▶ Source data:
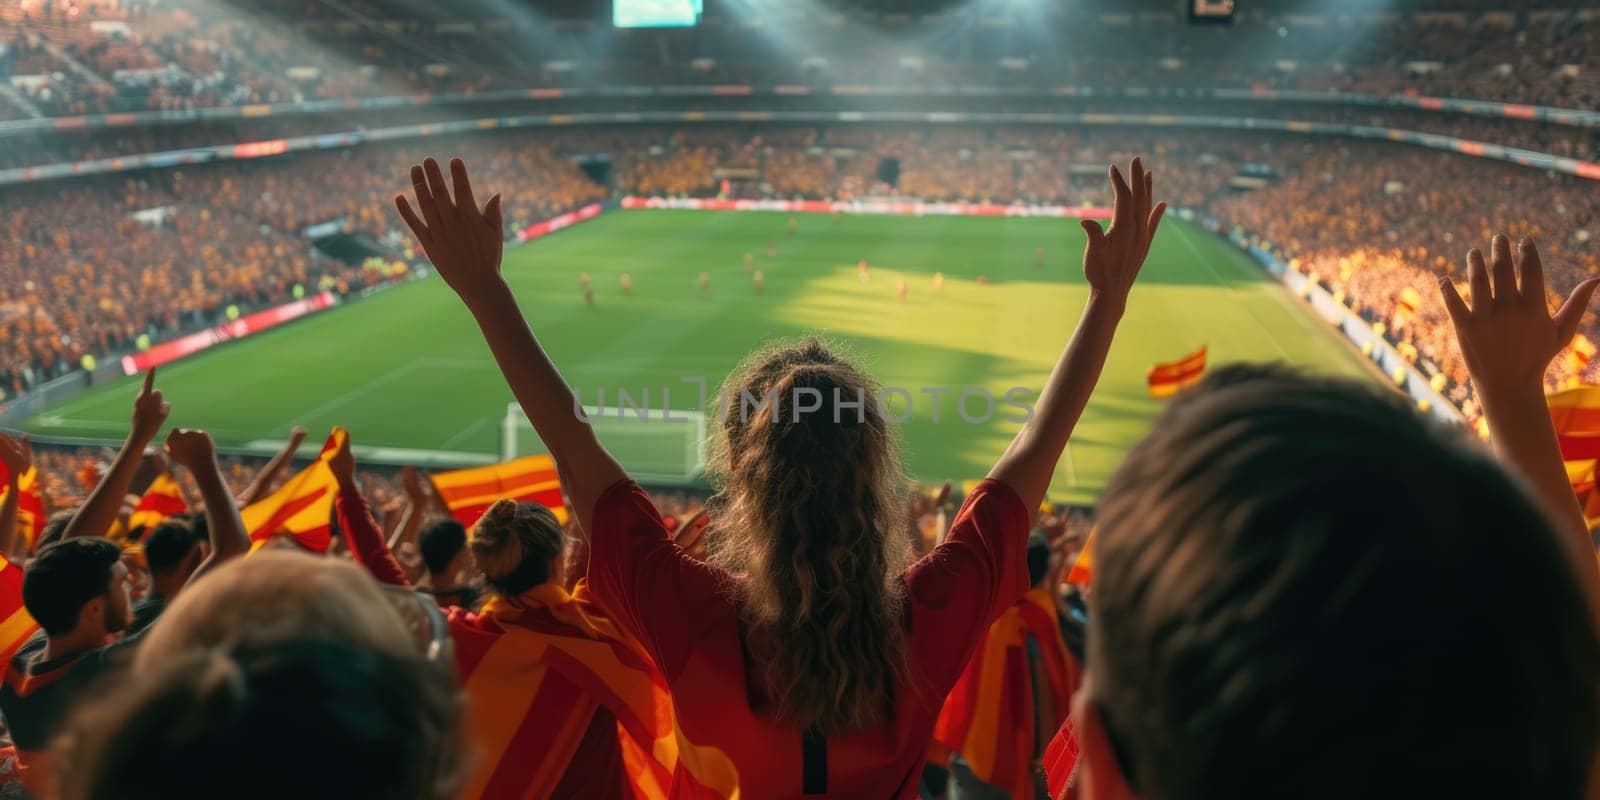 Soccer fan's arm gesture in a stadium for a sport event AIG41 by biancoblue
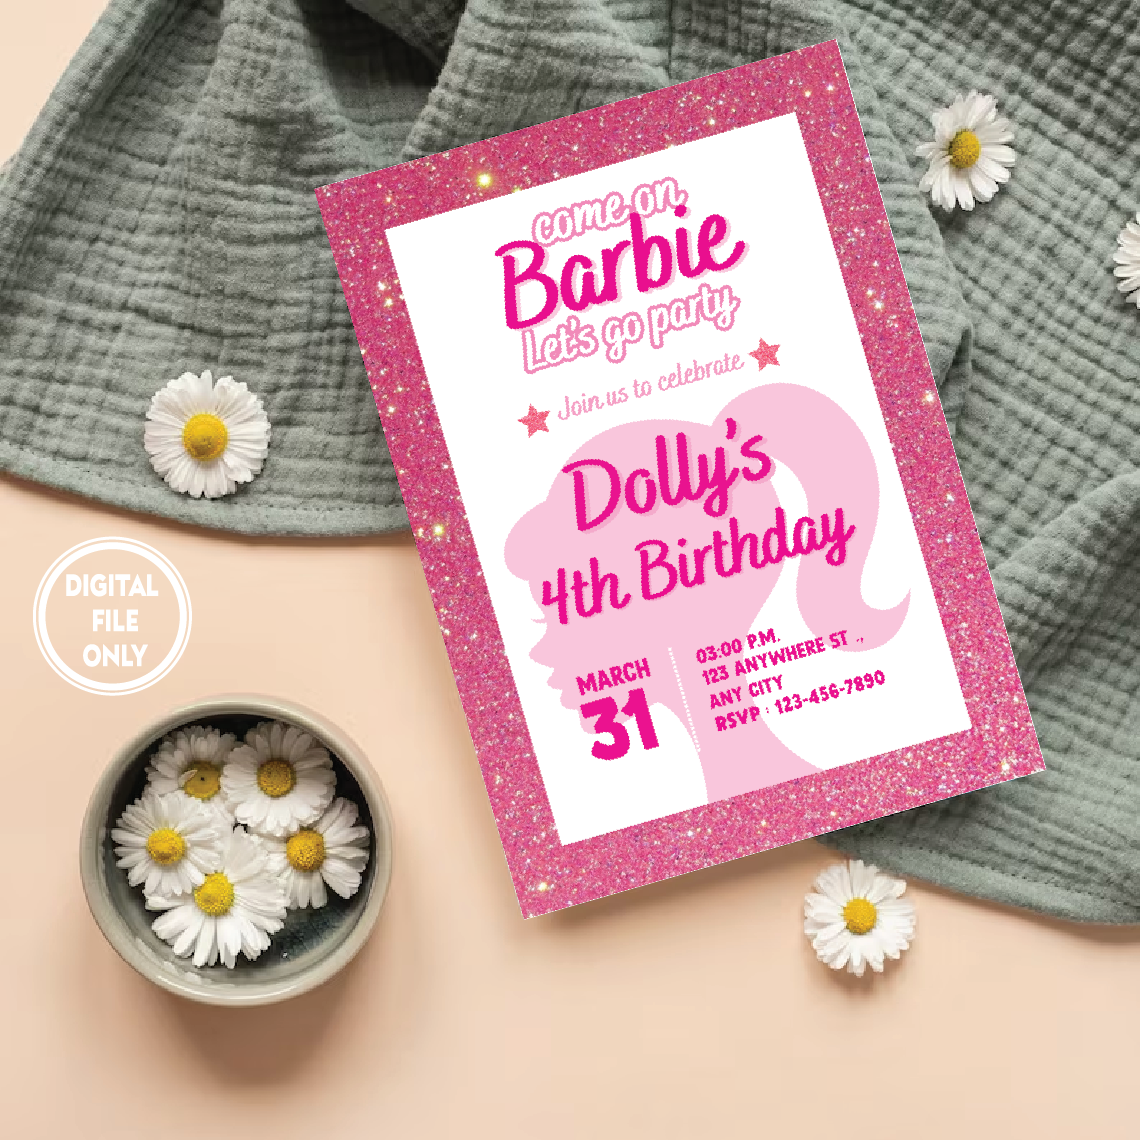 Personalized File Doll Party Invitation, Doll Birthday Party, Pink Birthday Party Invitation, Pink Doll Birthday Invitation, Doll Invitation, Instant Download PNG File Only
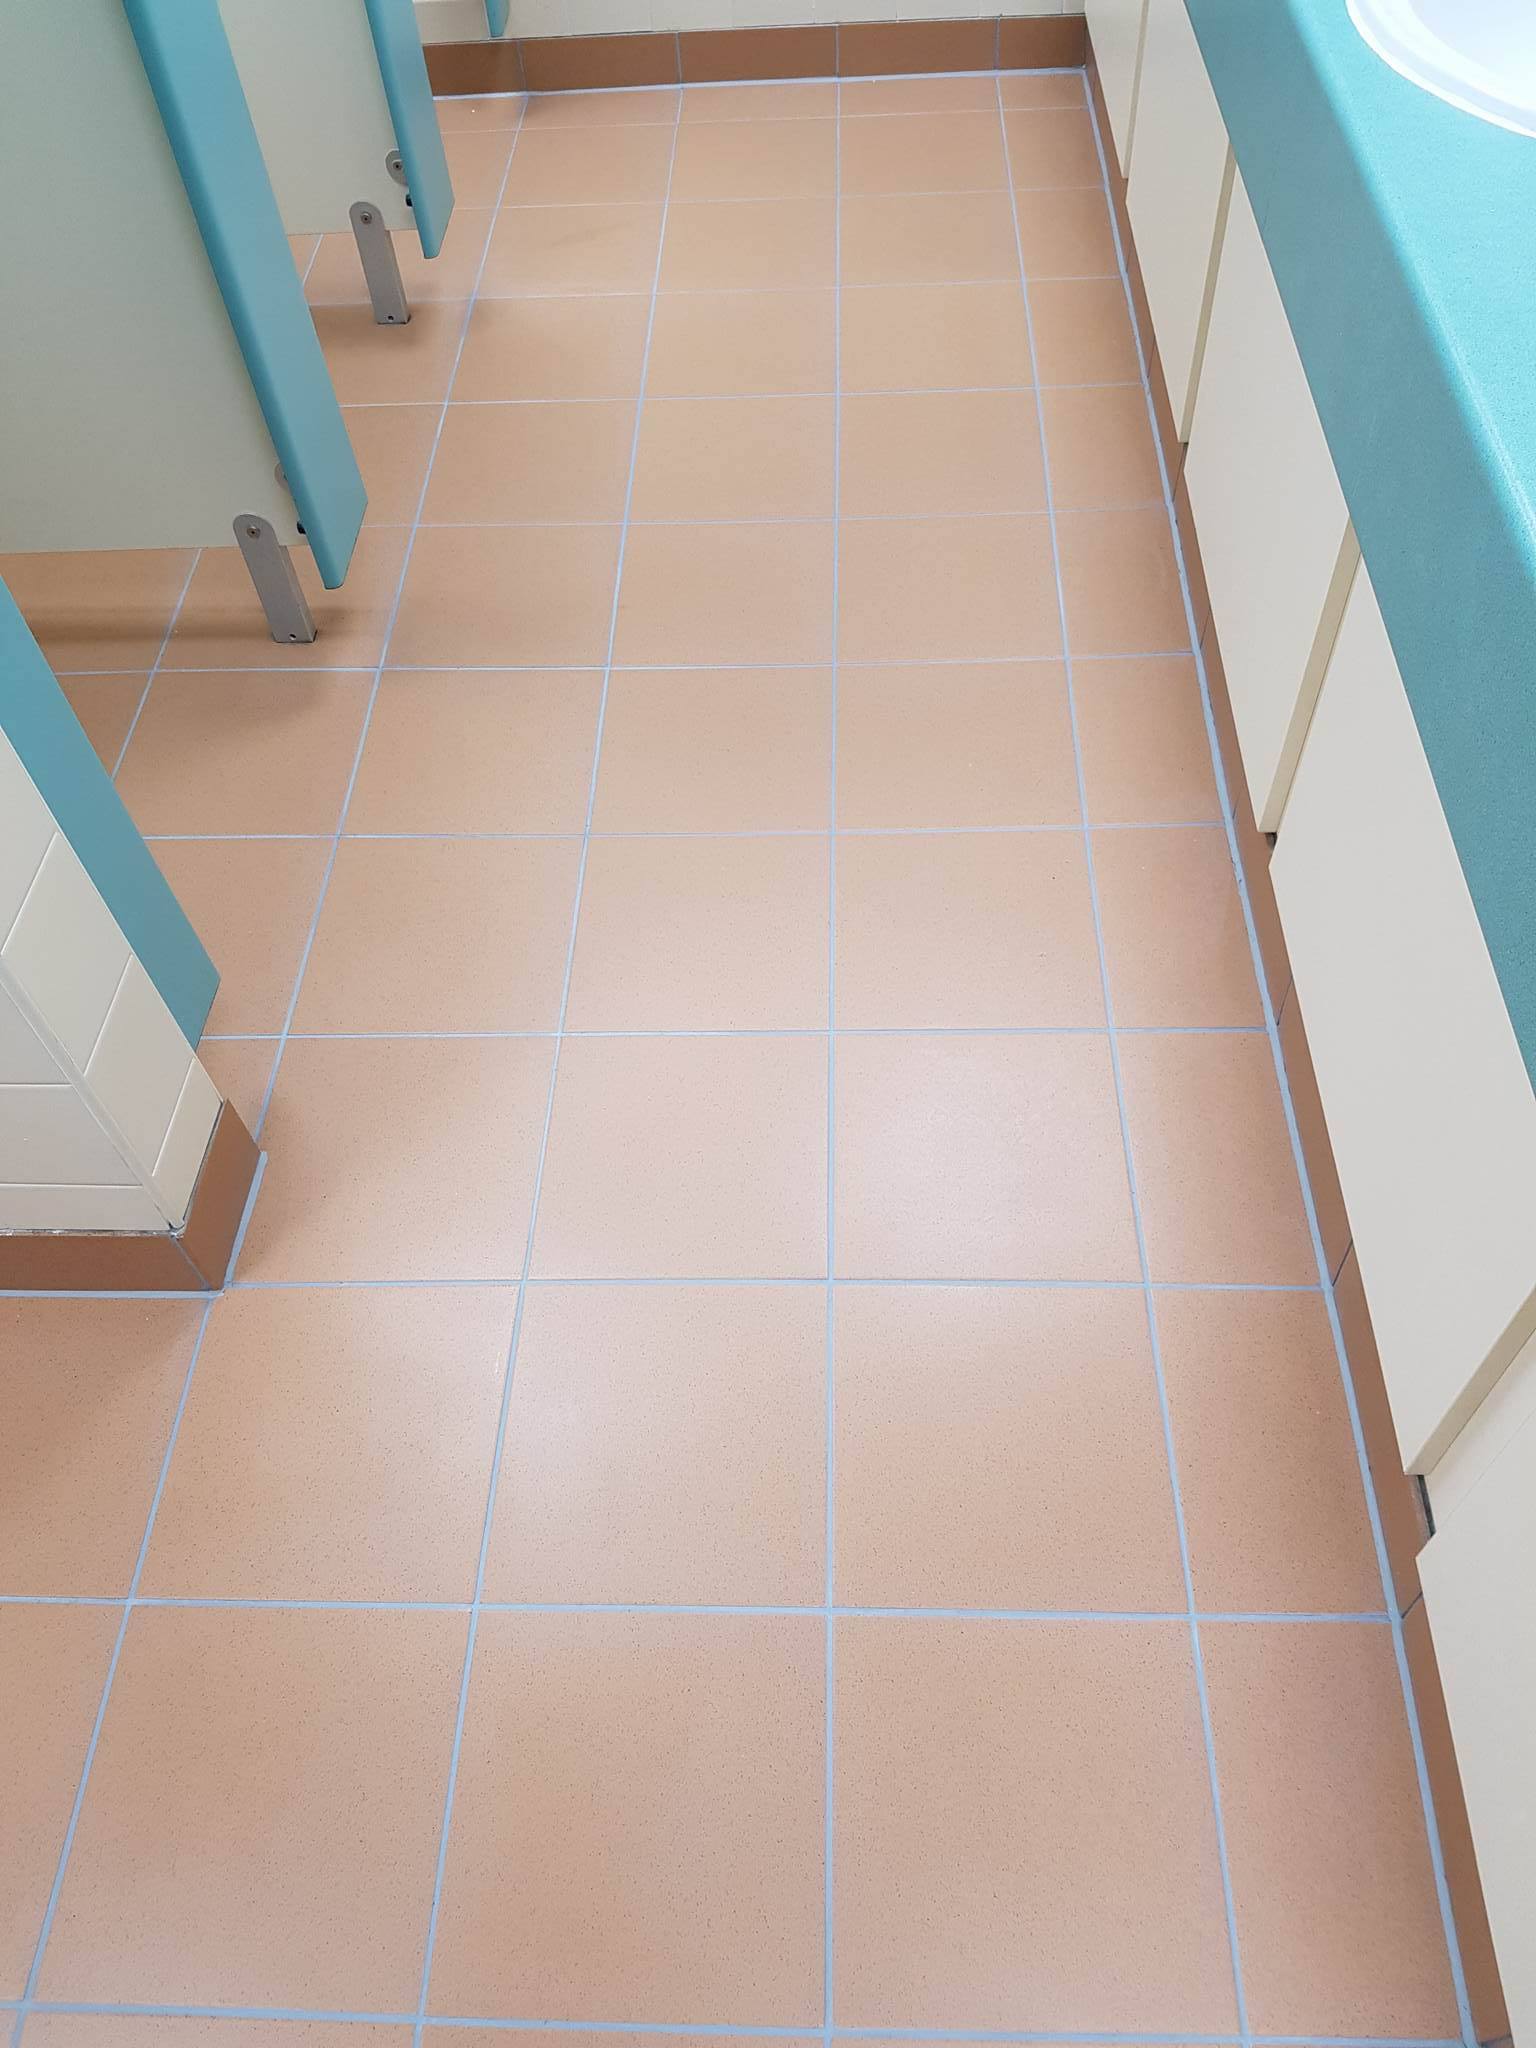 Manchester commercial tile and grout cleaning

▶ What to work on: Where the material above includes pictures, omit them and retype everything else exactly.

▶ Output of the task:
 Soccer fan's arm gesture in a stadium for a sport event AIG41 by biancoblue
 Personalized File Doll Party Invitation, Doll Birthday Party, Pink Birthday Party Invitation, Pink Doll Birthday Invitation, Doll Invitation, Instant Download PNG File Only
 Manchester commercial tile and grout cleaning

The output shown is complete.